A manufacturing business is one that is involved in the production of goods. A separate account, known as a manufacturing account, is prepared to show the costs associated with the business.
A simple manufacturing account has 2 sections:
- Prime cost section: Prime costs are the direct costs associated with production, such as direct labor and materials.
- Factory overheads: Overheads are the indirect costs associated with production, costs that cannot be traced to individual units of a product. Factory overheads are the overheads that are incurred by a factory, such as rent, electricity and supervisor’s salary.
Both of these types of costs are combined in the manufacturing account to give the cost of production.

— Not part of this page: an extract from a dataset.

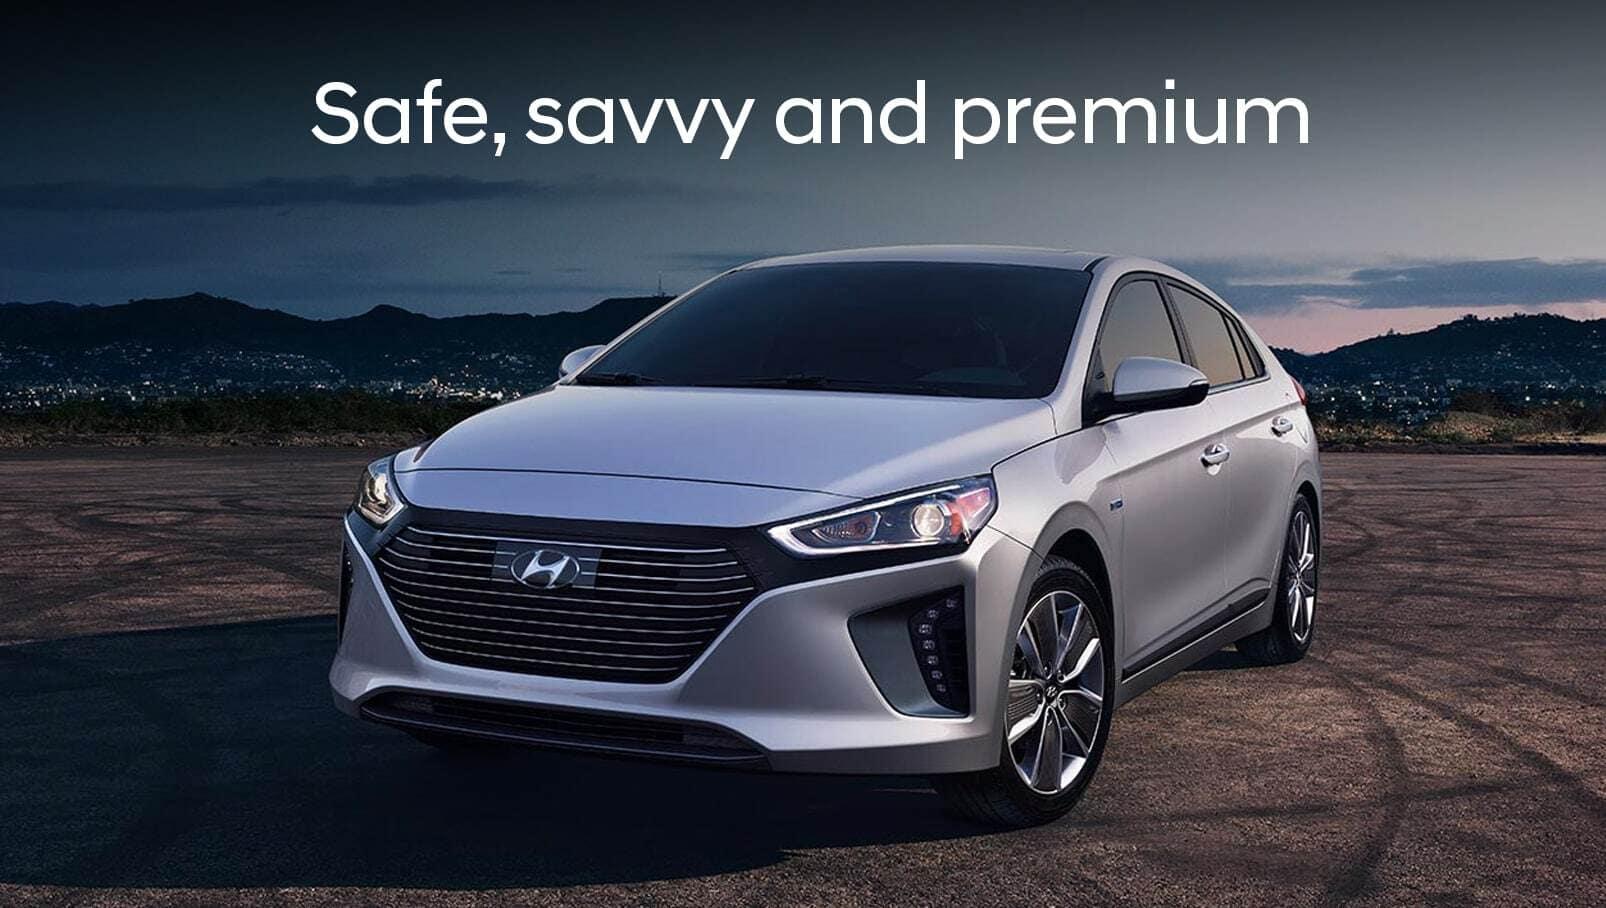 2019 Hyundai Ioniq Hybrid Overview Chicago IL

Hence, the Cost of Production = Prime Cost + Factory Overheads
There are 3 types of inventories that are held by a manufacturing business. Raw materials refer to the factor inputs that are used to manufacture products. Finished goods are goods that have undergone the entire manufacturing process and are ready to be sold to consumers. Lastly, work-in-progress goods are those goods that are still in the process of being manufactured.
In the manufacturing account, you must start with the opening inventory value for raw materials followed by purchases of raw materials (and any adjustments, like carriage inwards) and net purchases. Then, the closing inventory is subtracted from the total of these two figures to get the cost of raw materials consumed.
Then, other direct costs such as wages of direct labor, are added to this figure to calculate the total prime cost. The next section is the factory overheads section which includes things like insurance, depreciation and rent.
To the total of all of these sections, the opening inventory of work in progress goods is added and its closing inventory is subtracted. The final figure is the cost of production of manufactured goods.